### Assignment
Span requested from the data below: the line with "Lululemon Engineered Warmth" through the line with "Summer portrait of", both included. Give only these lines again, exactly, and leave every picture out.

### Material for this exercise
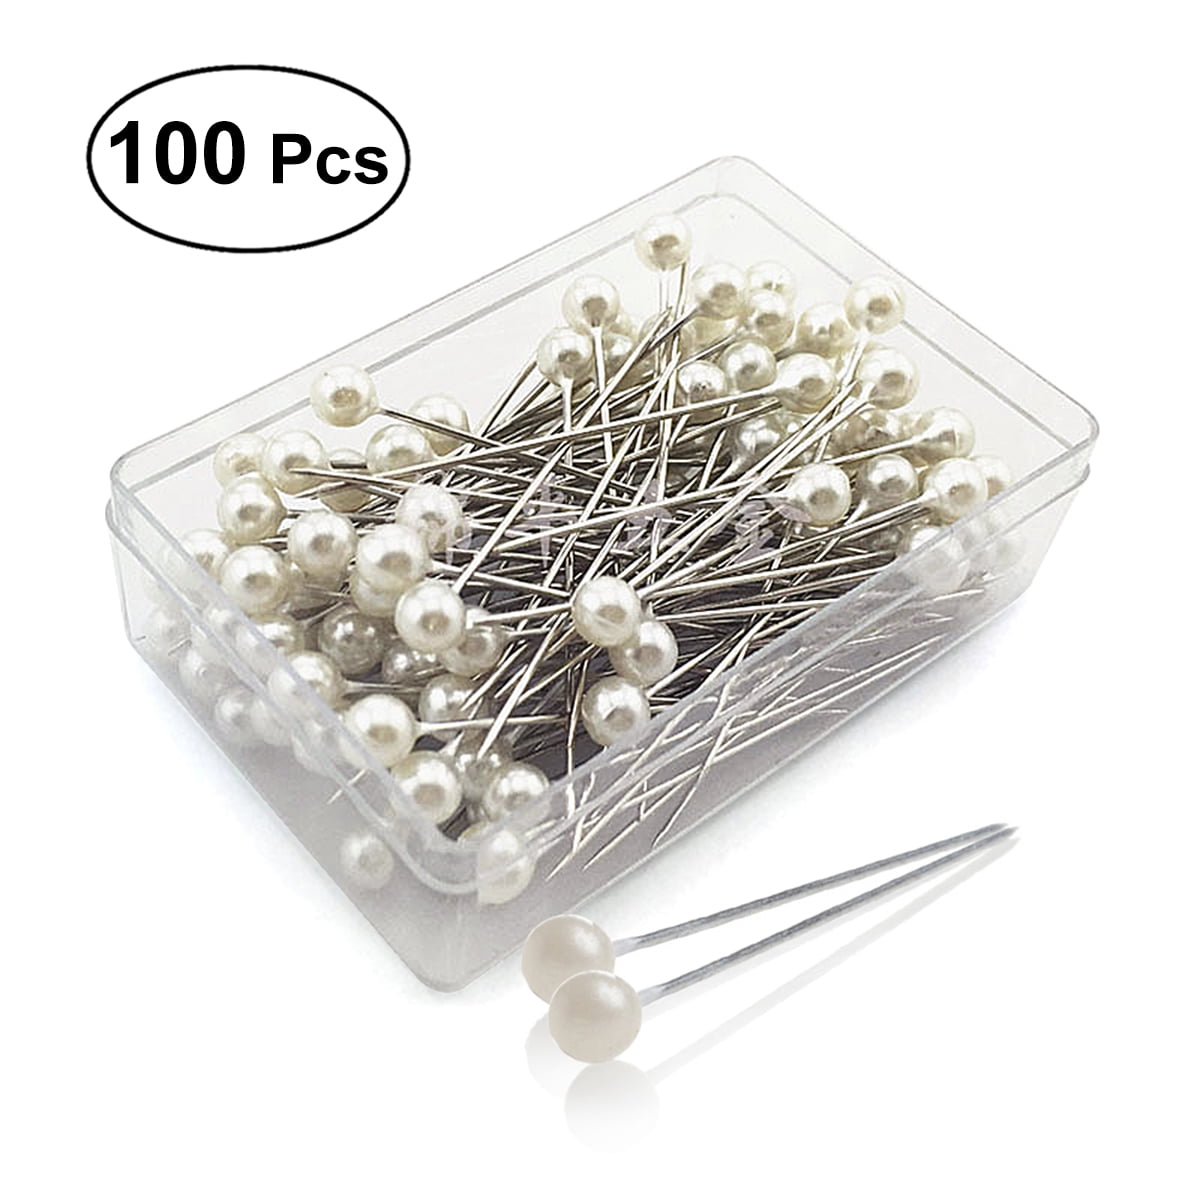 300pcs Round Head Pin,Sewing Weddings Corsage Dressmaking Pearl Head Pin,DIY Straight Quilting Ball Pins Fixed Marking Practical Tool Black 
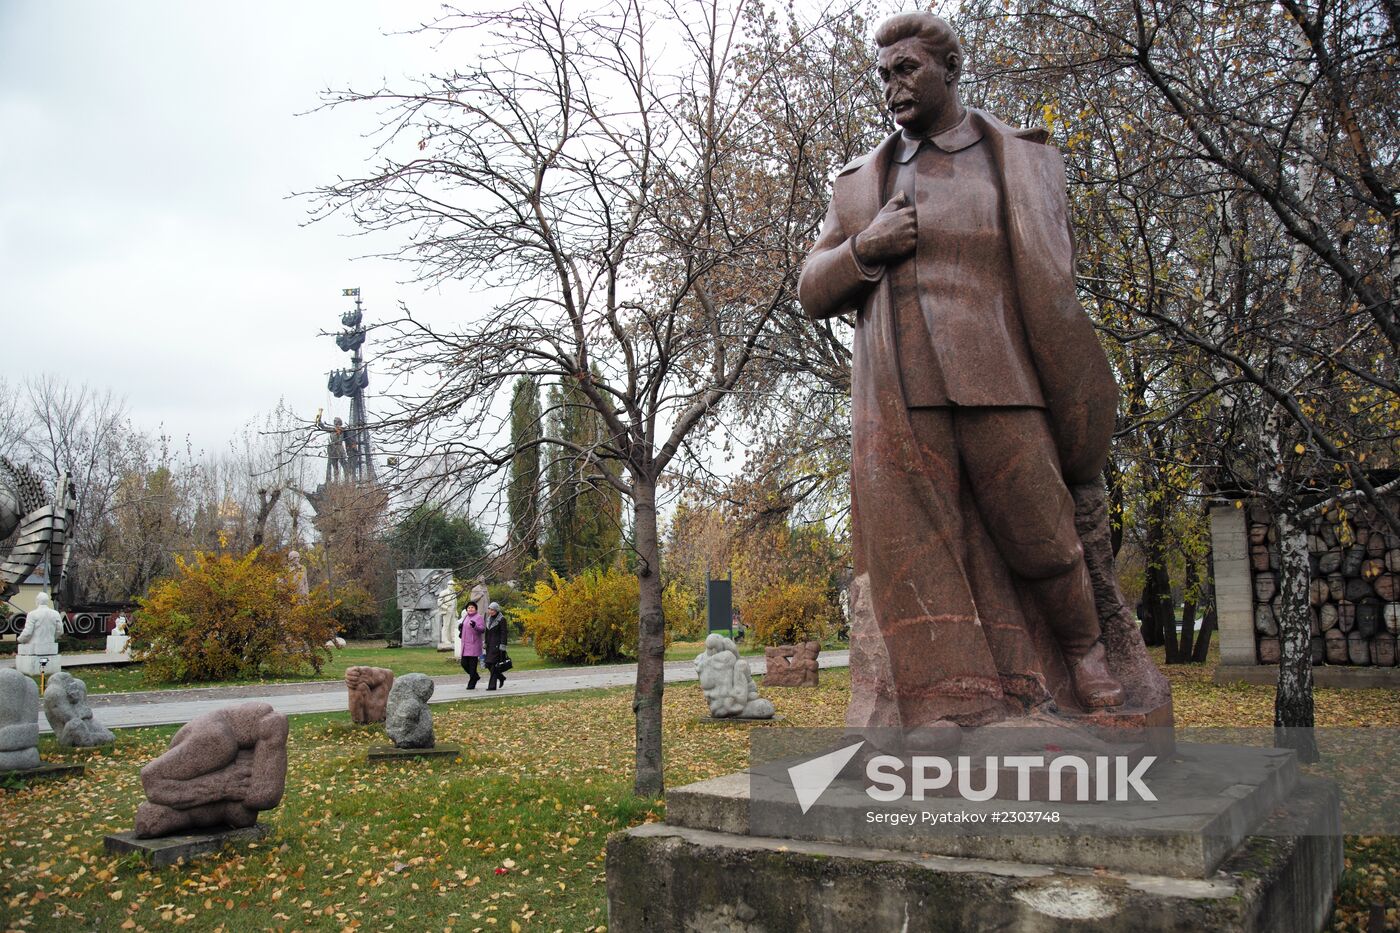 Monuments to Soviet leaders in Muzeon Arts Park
--
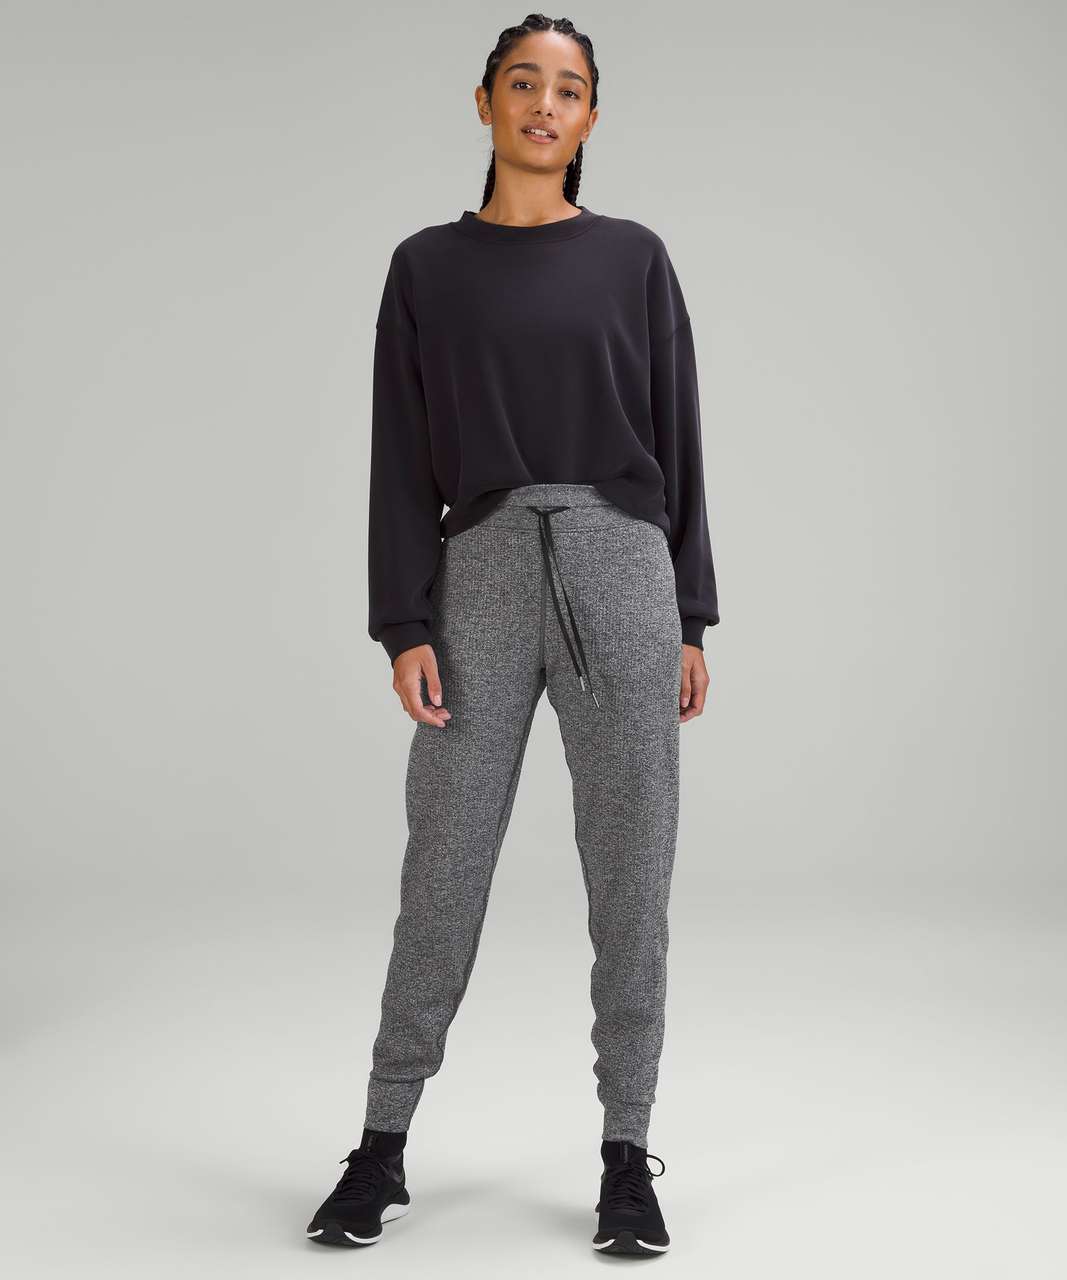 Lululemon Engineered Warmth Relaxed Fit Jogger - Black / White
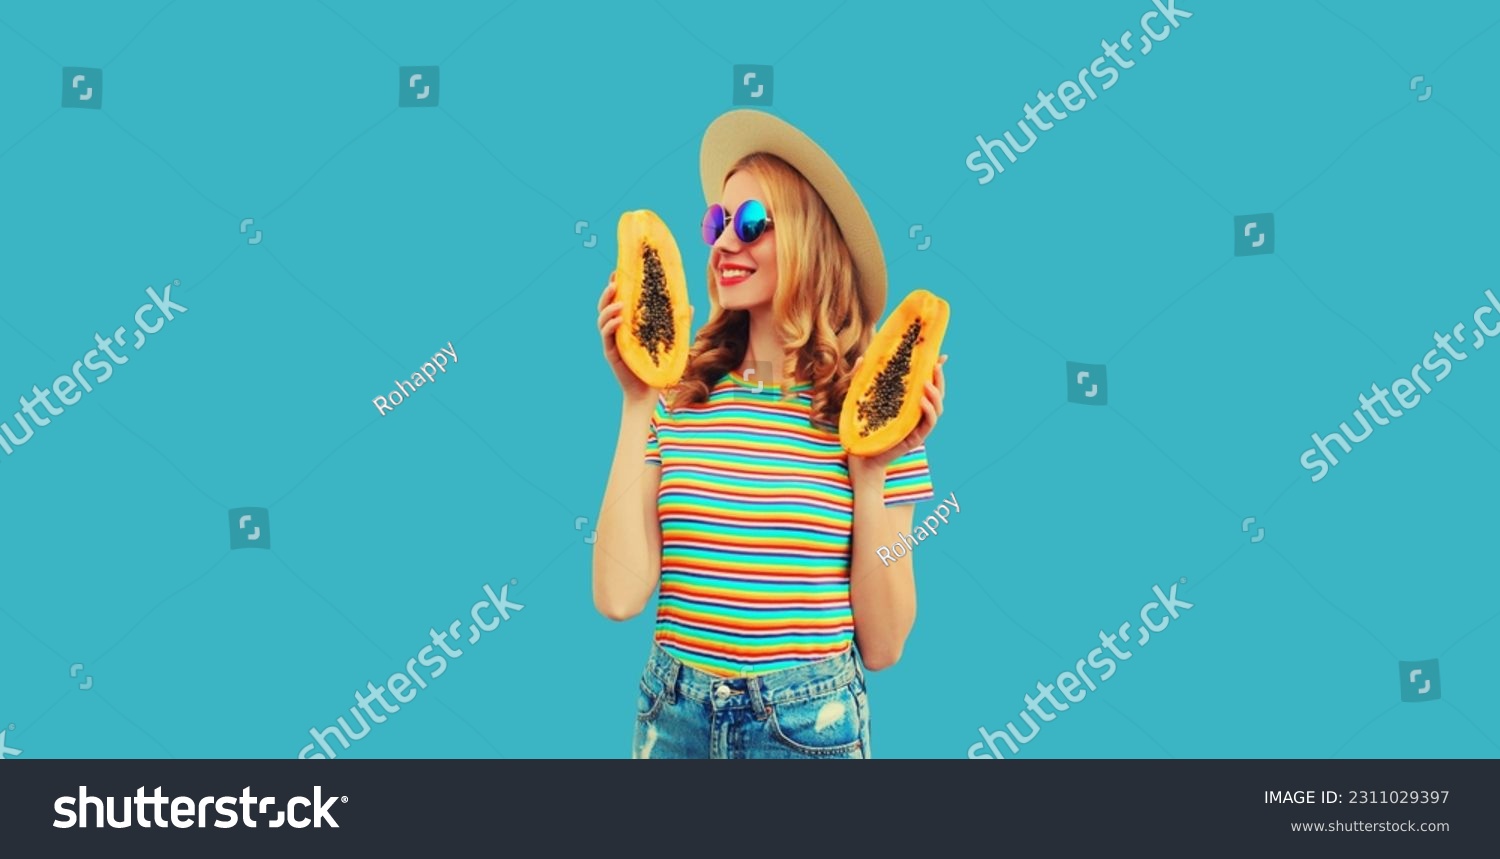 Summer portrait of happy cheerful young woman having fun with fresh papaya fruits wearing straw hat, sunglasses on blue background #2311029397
...
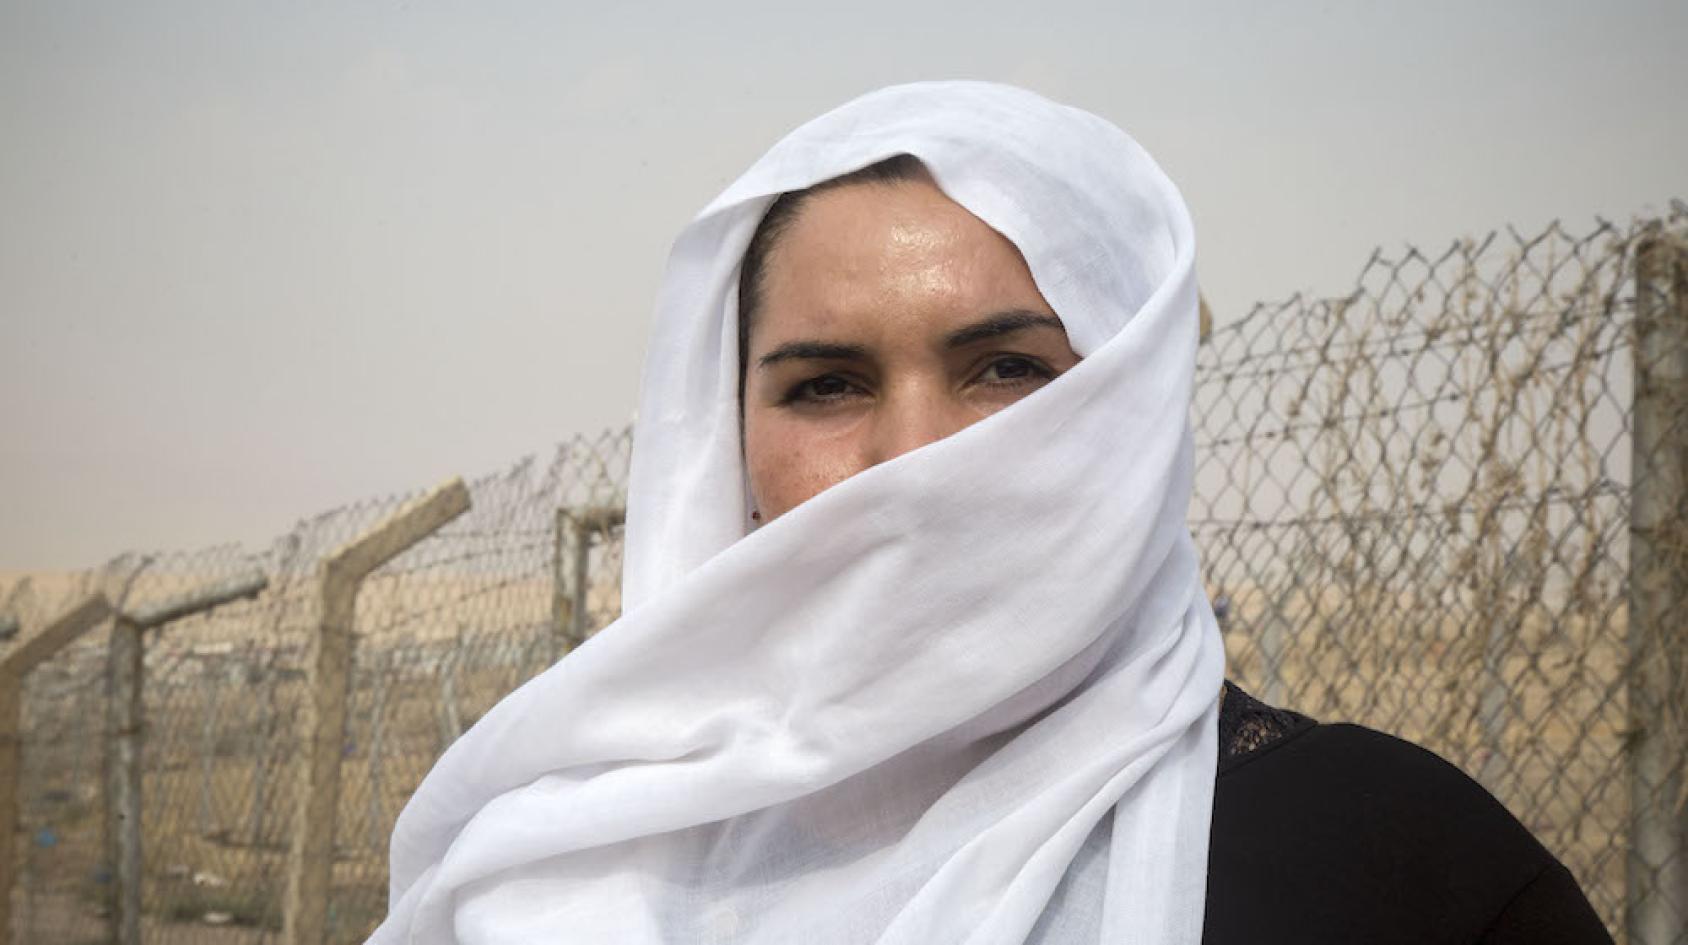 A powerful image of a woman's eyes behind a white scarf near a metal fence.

### Your response
 Lululemon Engineered Warmth Relaxed Fit Jogger - Black / White
 Summer portrait of happy cheerful young woman having fun with fresh papaya fruits wearing straw hat, sunglasses on blue background #2311029397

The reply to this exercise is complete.